--- Task item ---
In the records below, find the line with "Badcock Furniture Plans", then retype it and every following line exactly, stopping after the line with "Check Matte Lipstick - 10 Just Right Red". Leave the pictures out.

--- Data shown ---
----------
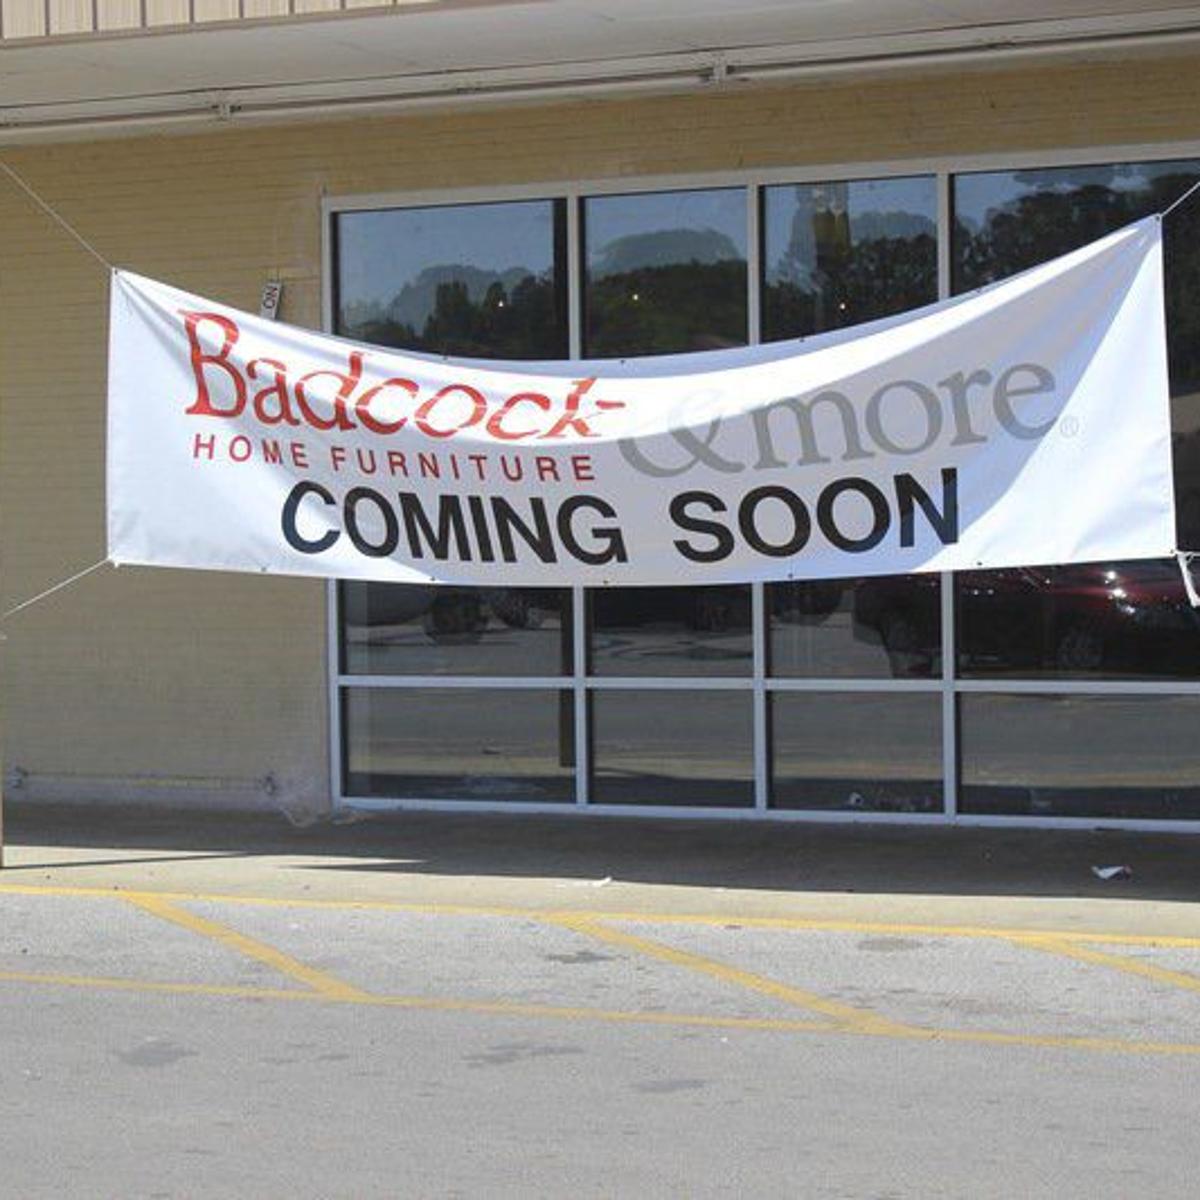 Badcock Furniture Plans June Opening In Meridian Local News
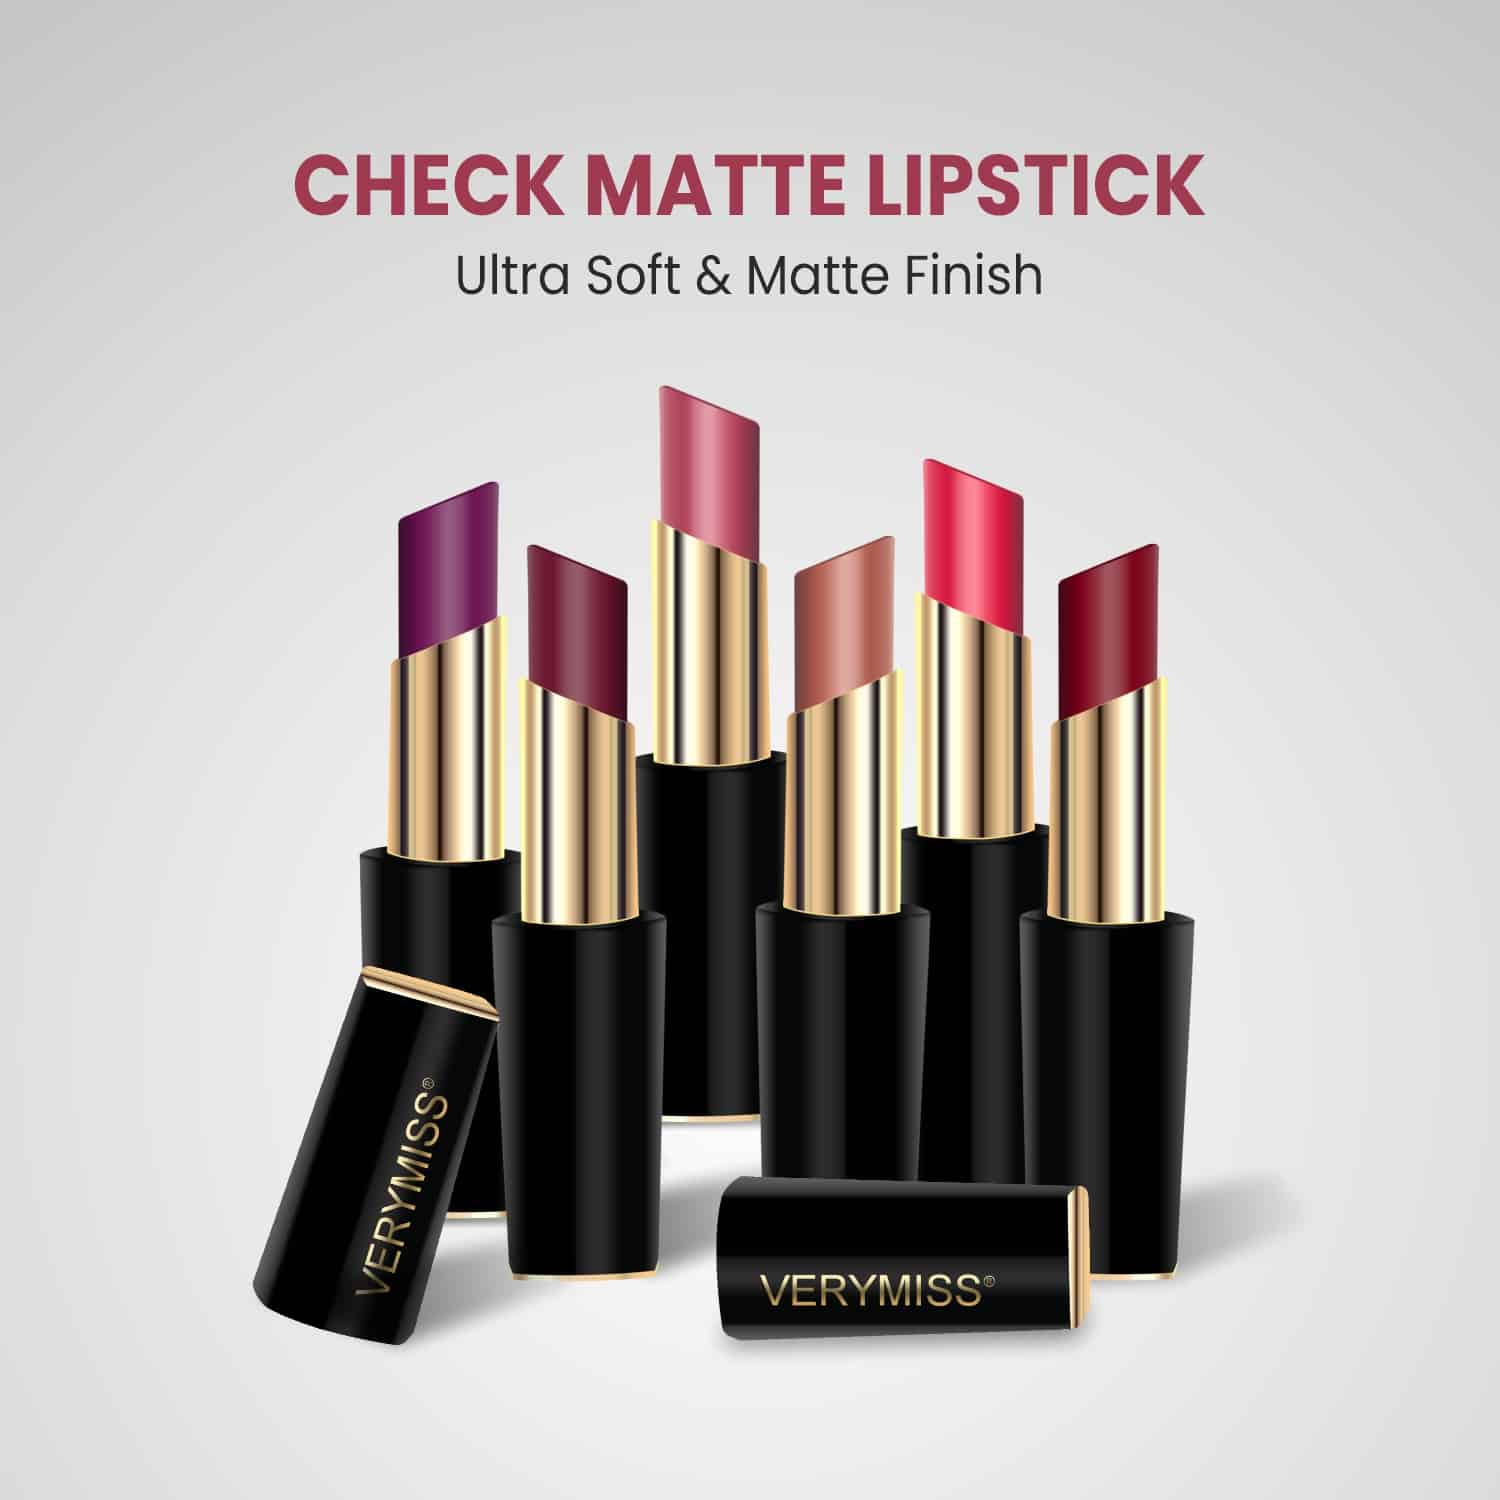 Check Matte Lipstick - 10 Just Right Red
----------
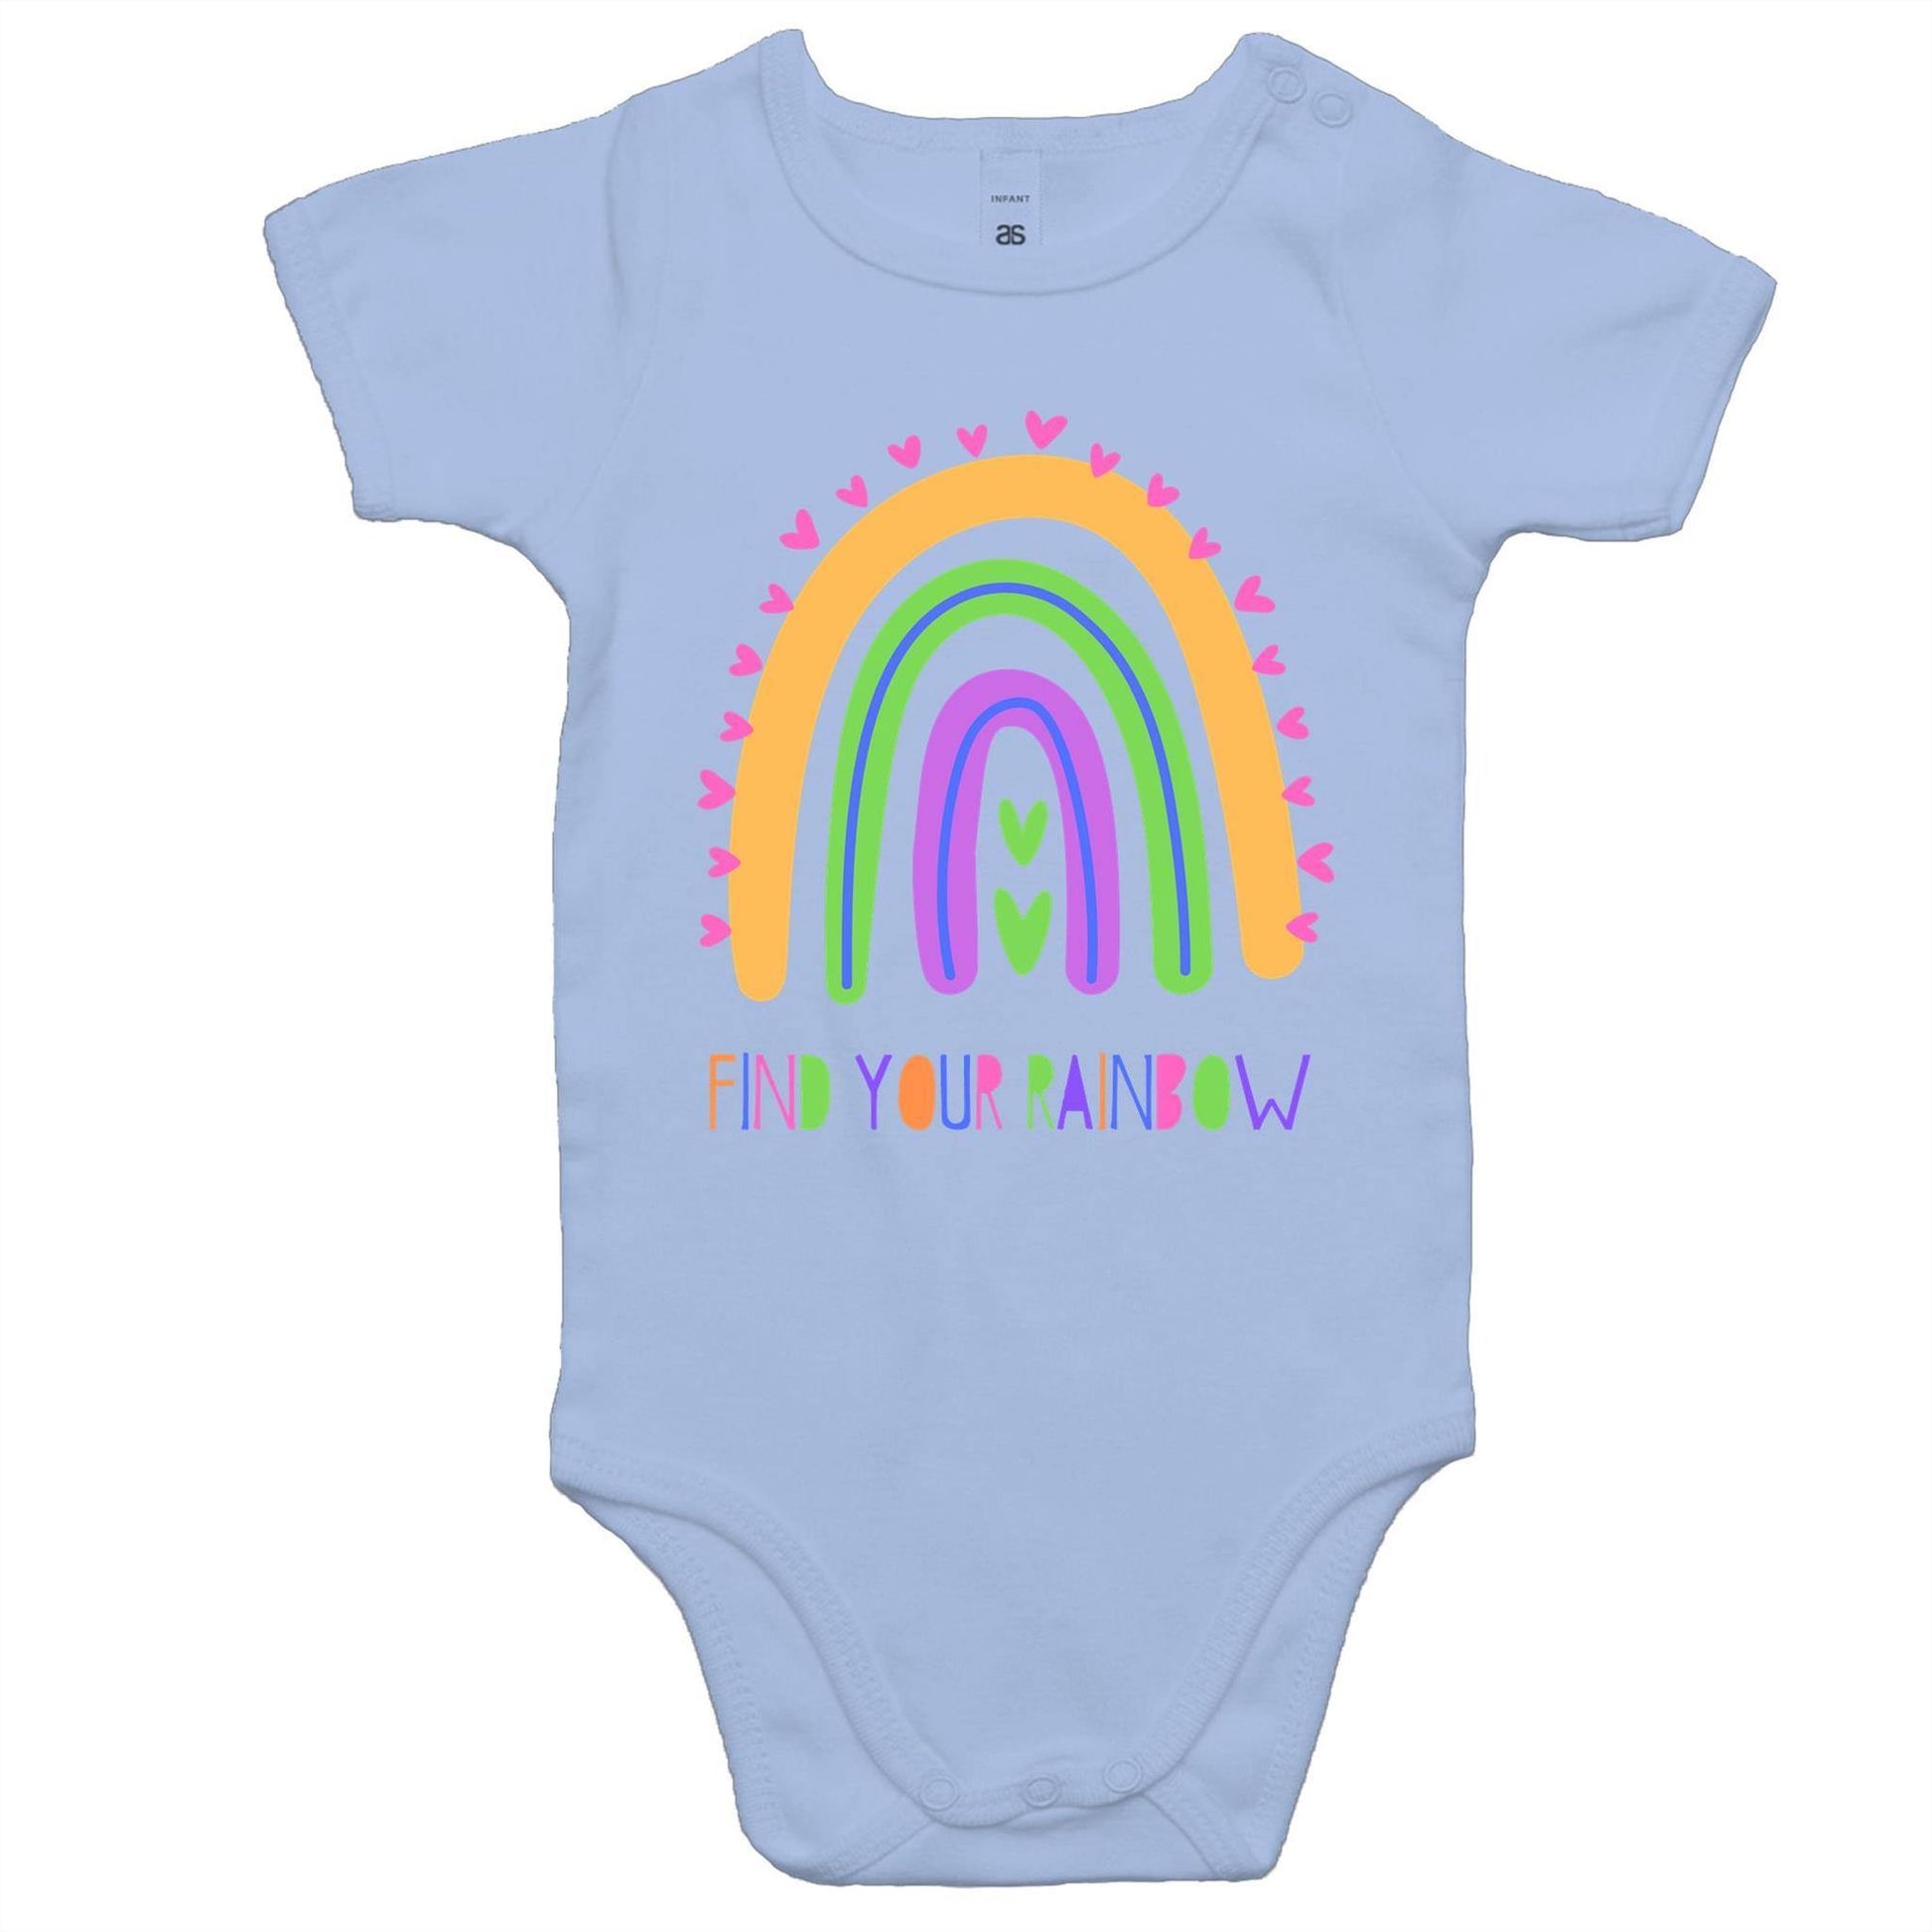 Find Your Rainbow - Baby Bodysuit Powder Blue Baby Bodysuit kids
----------
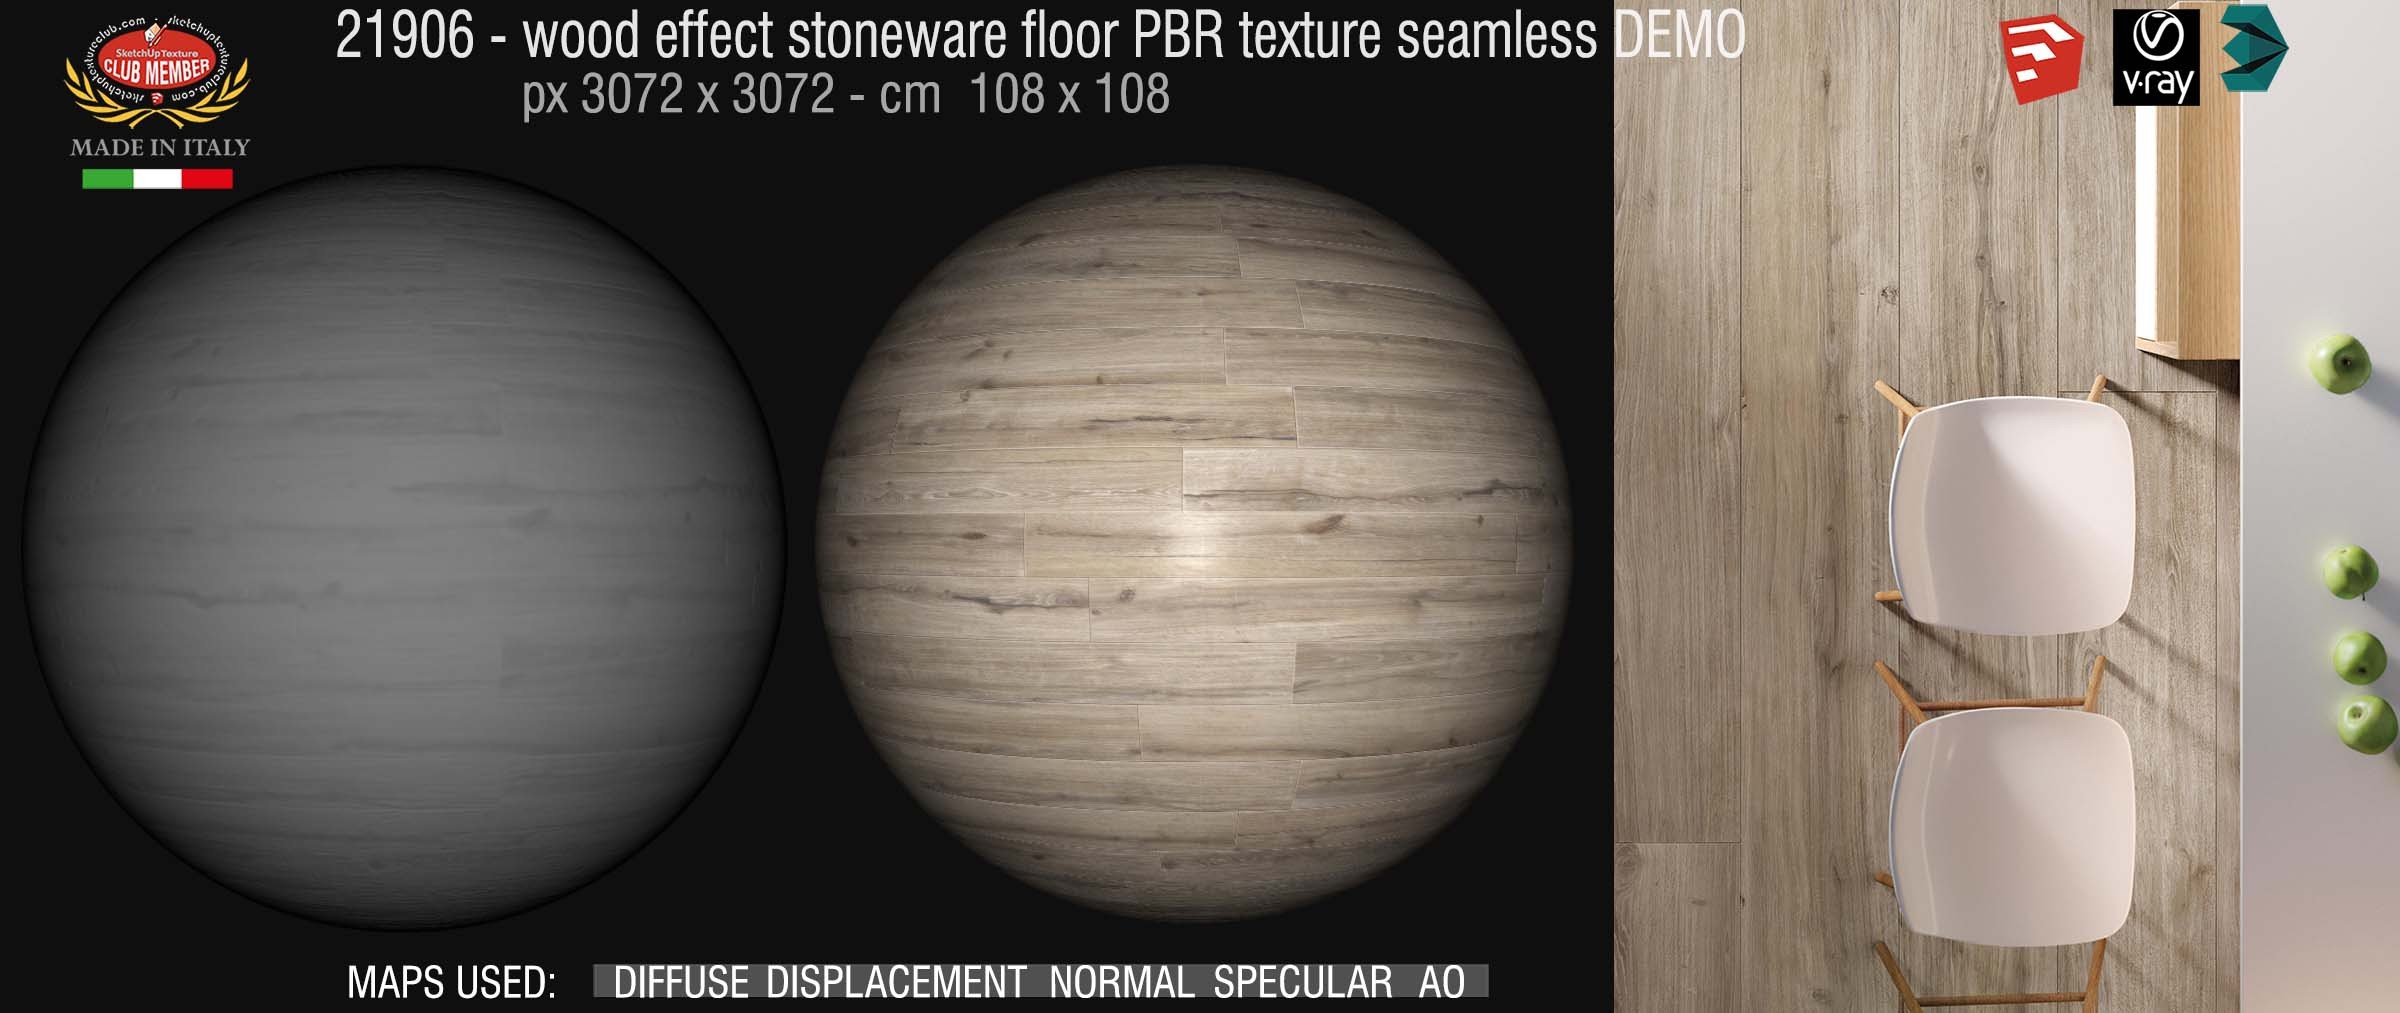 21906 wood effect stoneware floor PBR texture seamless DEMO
----------
--- The answer ---
 Badcock Furniture Plans June Opening In Meridian Local News
 Check Matte Lipstick - 10 Just Right Red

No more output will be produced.